Dalle prime luci dell’alba, nelle province di Roma, Napoli e Rovigo, i Carabinieri del Comando Provinciale di Roma hanno dato esecuzione a un’ordinanza di custodia cautelare, emessa dal G.I.P. presso il Tribunale di Roma, su richiesta della locale Procura Distrettuale, nei confronti di 28 persone (24 in carcere e 4 agli arresti domiciliari), ritenute responsabili a vario titolo di associazione per delinquere finalizzata al traffico di sostanze stupefacenti, estorsione, detenzione e porto illegale di armi, lesioni personali gravissime, tentato omicidio, trasferimento fraudolento di valori, reati, per la maggior parte, aggravati dal metodo mafioso.

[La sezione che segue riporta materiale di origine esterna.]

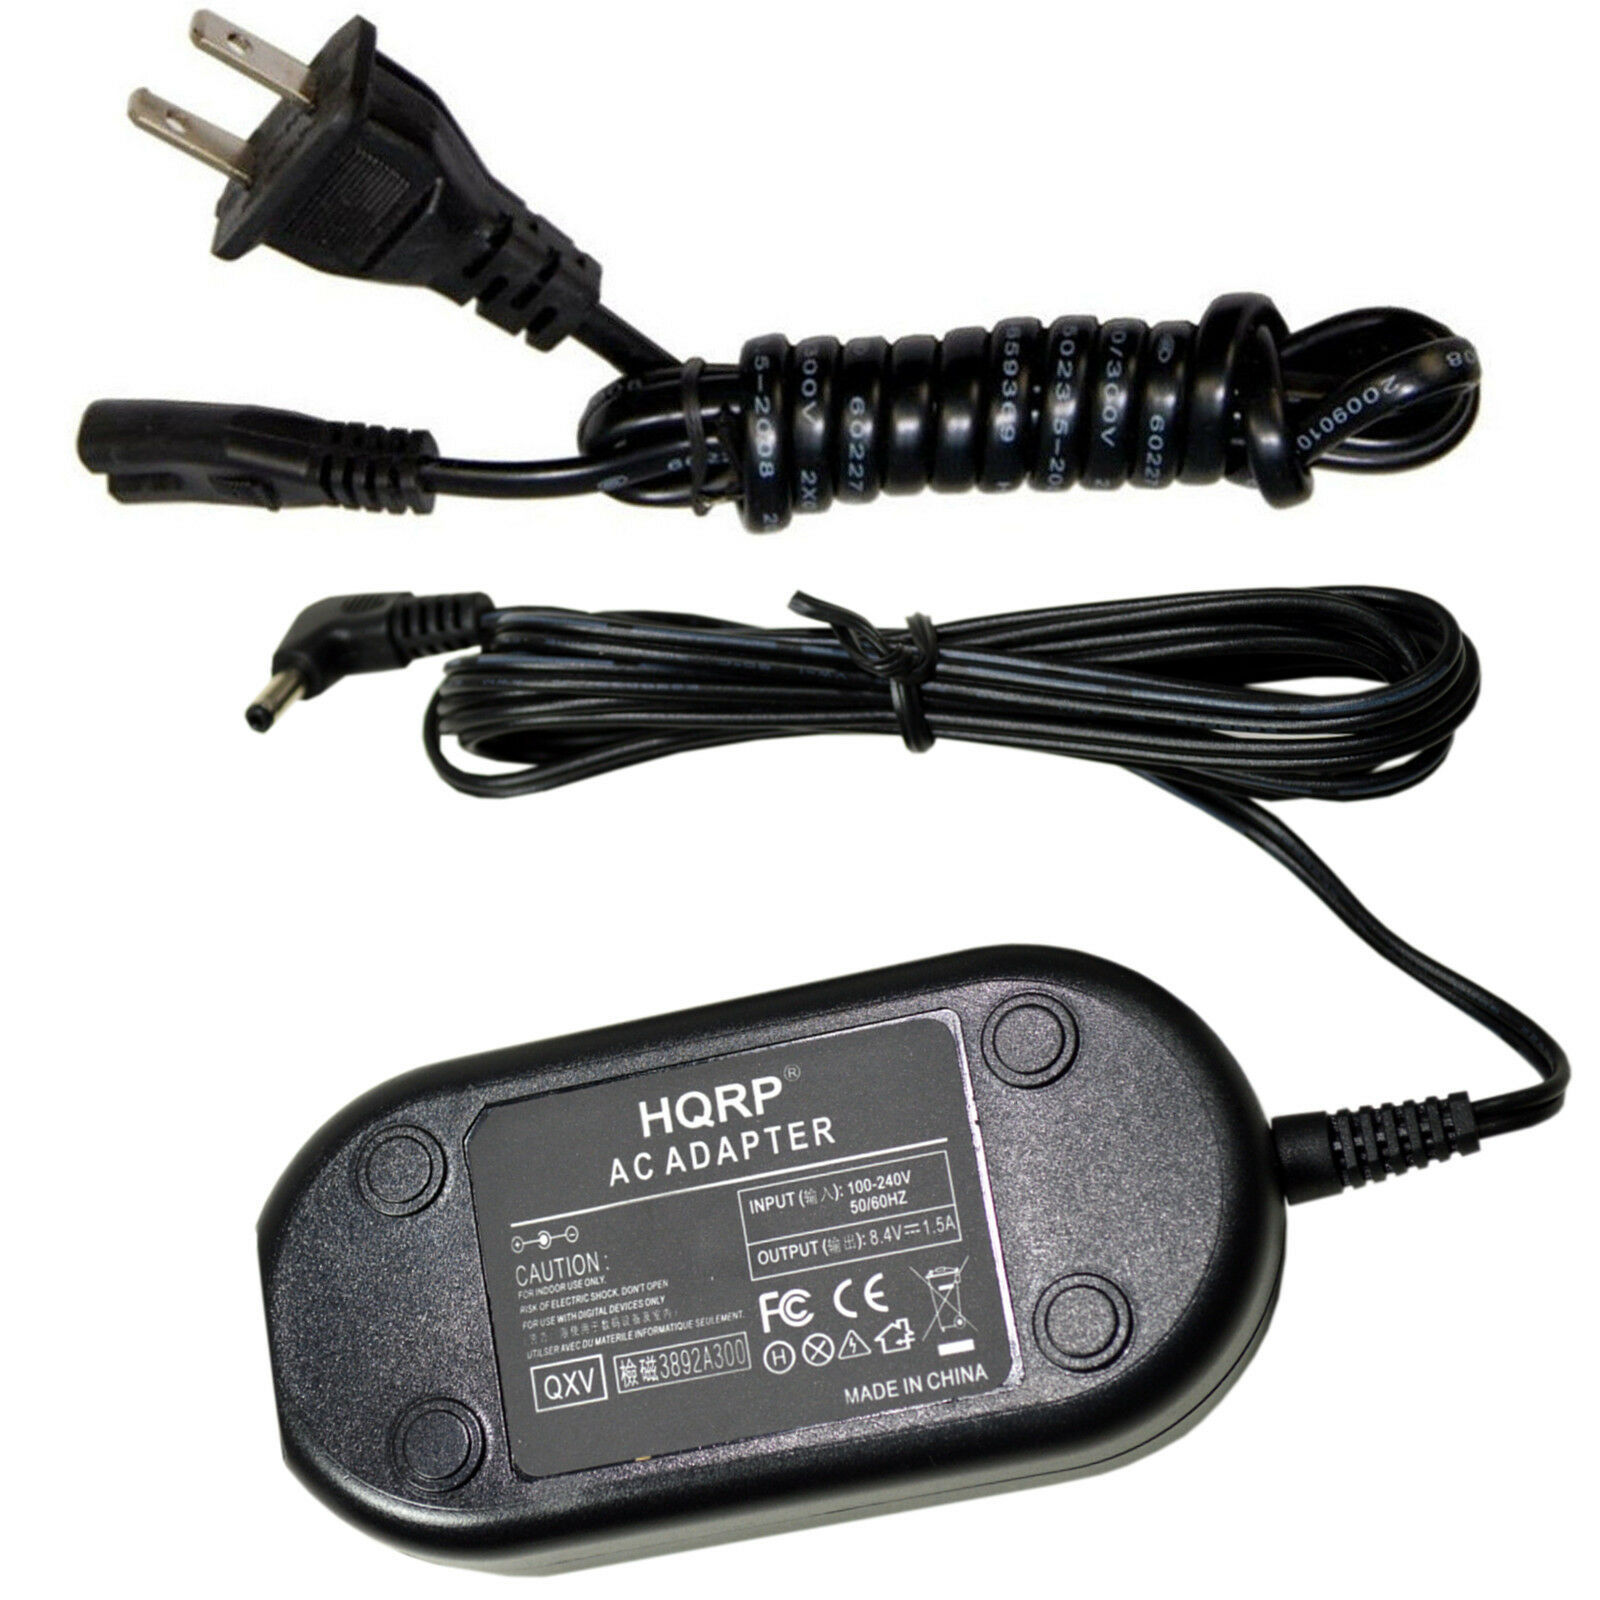 HQRP AC Adapter Charger for Canon XA10, FS40, FS400, Optura 200MC, 300, 600, S1 - $17.91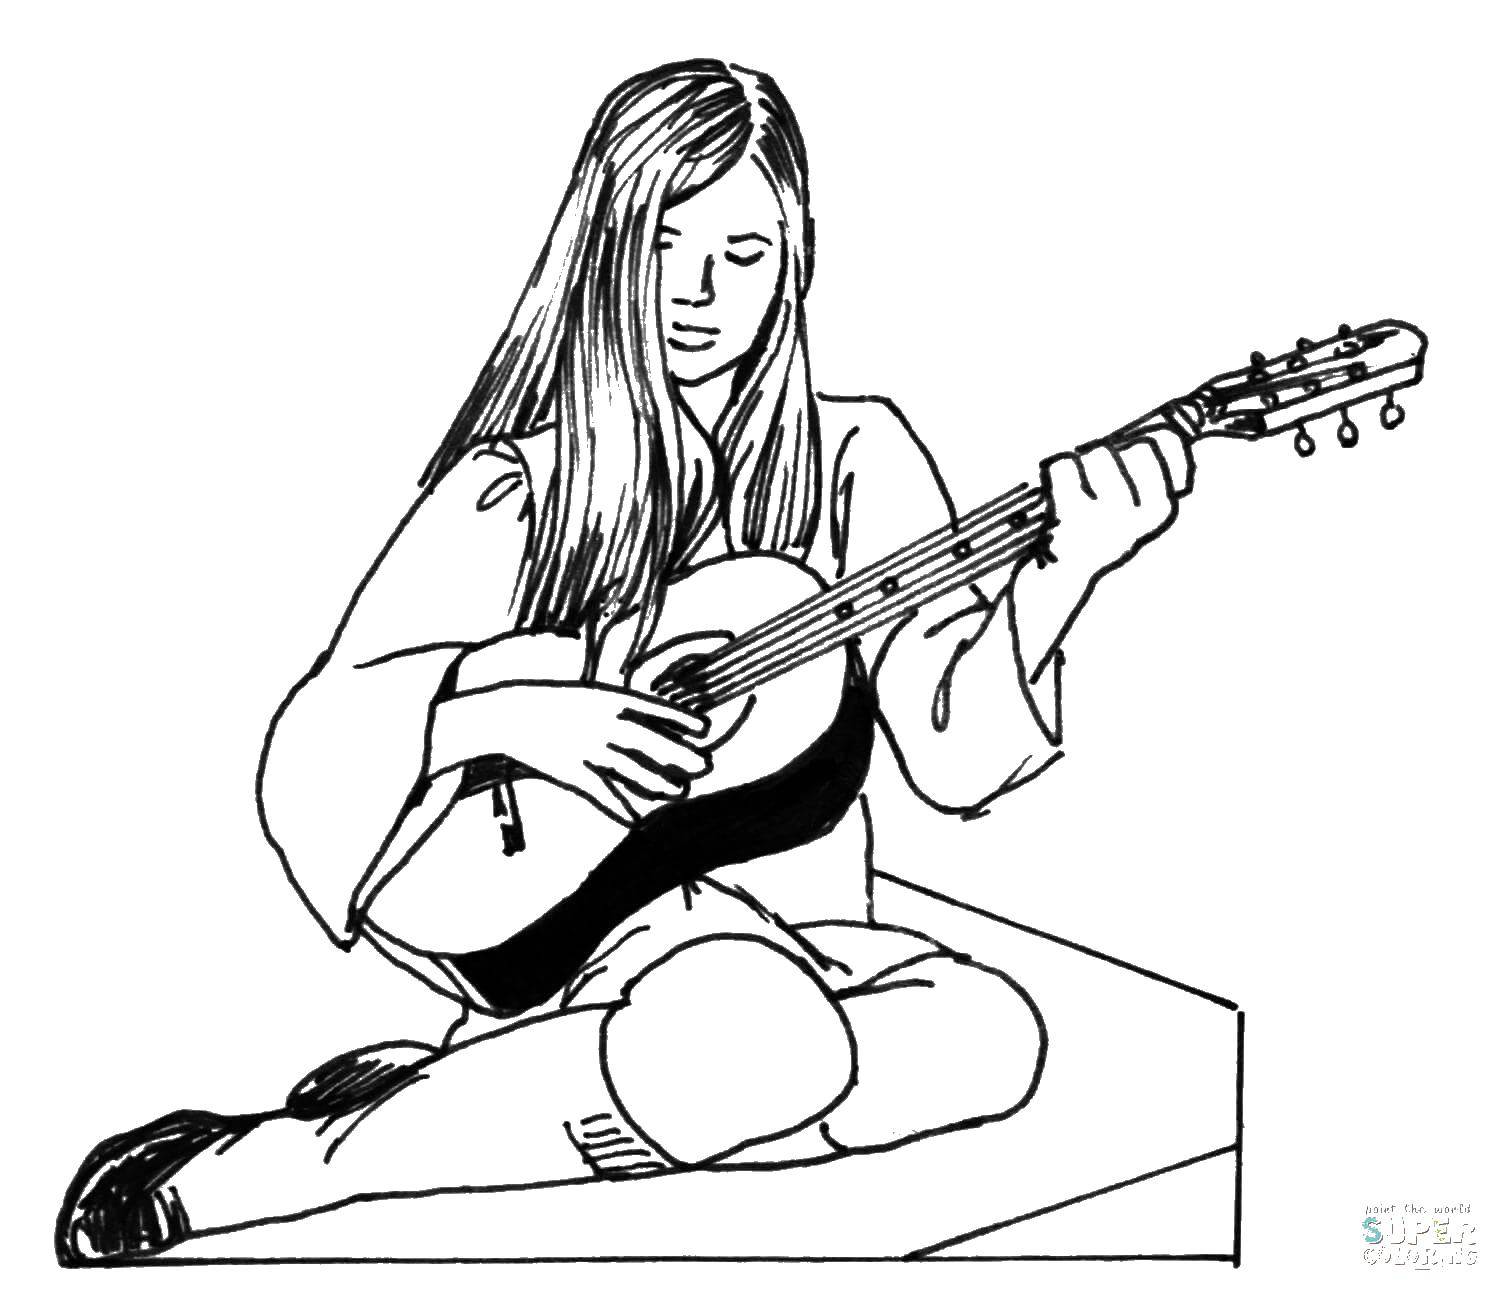 Coloring Girl playing the guitar. Category guitar . Tags:  guitar, music, girl.

Il provvedimento trae origine dall’indagine condotta dai Carabinieri del Nucleo Investigativo di Roma, nel periodo tra settembre 2011 e aprile 2015, che ha consentito di riscontrare l’operatività di uno strutturato sodalizio criminale, capeggiato dal noto criminale di origine campana Michele Senese, operante ininterrottamente a Roma in varie attività illecite,tra le quali, il traffico e lo spaccio di sostanze stupefacenti, le estorsioni, i reati contro la persona.

Complessivamente, nel corso dell’attività di indagine sono stati: documentati 6 episodi estorsivi posti in essere dall’organizzazione per rientrare in possesso di taluni crediti vantati; ricostruite le fasi di un tentato omicidio e di gambizzazioni nei confronti di due debitori; comprovata l’intestazione fittizia di due motocicli e di un autoveicolo riconducibili al gruppo Di Giovanni, per eludere le disposizioni di legge in materia di misure di prevenzione patrimoniale; sequestrati7,809 kg. di cocaina, 7,798 kg. di marijuana, 70,511 kg. di hashish e n. 9 pistole oggetto di furto e/o clandestine con vario munizionamento; arrestati in flagranza di reato 23 persone, di cui 18 per detenzione ai fini di spaccio di sostanze stupefacenti e 6 per violazione della normativa sulle armi.

Le parole del governatore Zaia

Arrestati anche undici persone tra Lendinara, Lusia e Fratta Polesine, dopo l’operazione antidroga condotta dai Carabinieri di Rovigo in collaborazione con una squadra di Prato.

“Oggi assistiamo ad un’altra importante operazione antidroga condotta dai Carabinieri di Rovigo, in collaborazione con la squadra di Prato, che avrebbe introdotto nel nostro mercato locale un ingente quantitativo di stupefacenti. Le indagini e gli arresti di oggi restituiscono alla giustizia gente senza scrupoli, veri e propri seminatori di morte”.

Lo dice il Presidente della Regione del Veneto, Luca Zaia, commentando la notizia dell’arresto di undici persone tra Lendinara, Lusia e Fratta Polesine, ritenuti i responsabili di una “fabbrica” di produzione di marjuana e detenzione di stupefacenti. Questi arresti si sommano ad una precedente operazione, conclusasi sempre con l’arresto di altre sei persone di nazionalità cinese, avvenuta lo scorso novembre.

“Le nostre comunità chiedono di vivere nella legalità e nella sicurezza e questa operazione ne è la dimostrazione concreta – aggiunge il Governatore del Veneto . Questo blitz è l’ennesima conferma che nel Veneto non c’è spazio per chi opera ai danni della nostra gente e, grazie all’instancabile attività dell’Arma e di tutte le forze dell’ordine, continueremo a presidiare i nostri territori affinché questi fenomeni illegali possano, al pari di altri, essere arginati. Non è la prima né sarà l’ultima operazione in Veneto: la nostra attenzione su questi temi deve rimanere alta, senza concedere sconti, perché al primo posto c’è la sicurezza dei cittadini veneti, soprattutto quella dei più giovani, i principali destinatari di questa gente senza scrupoli”.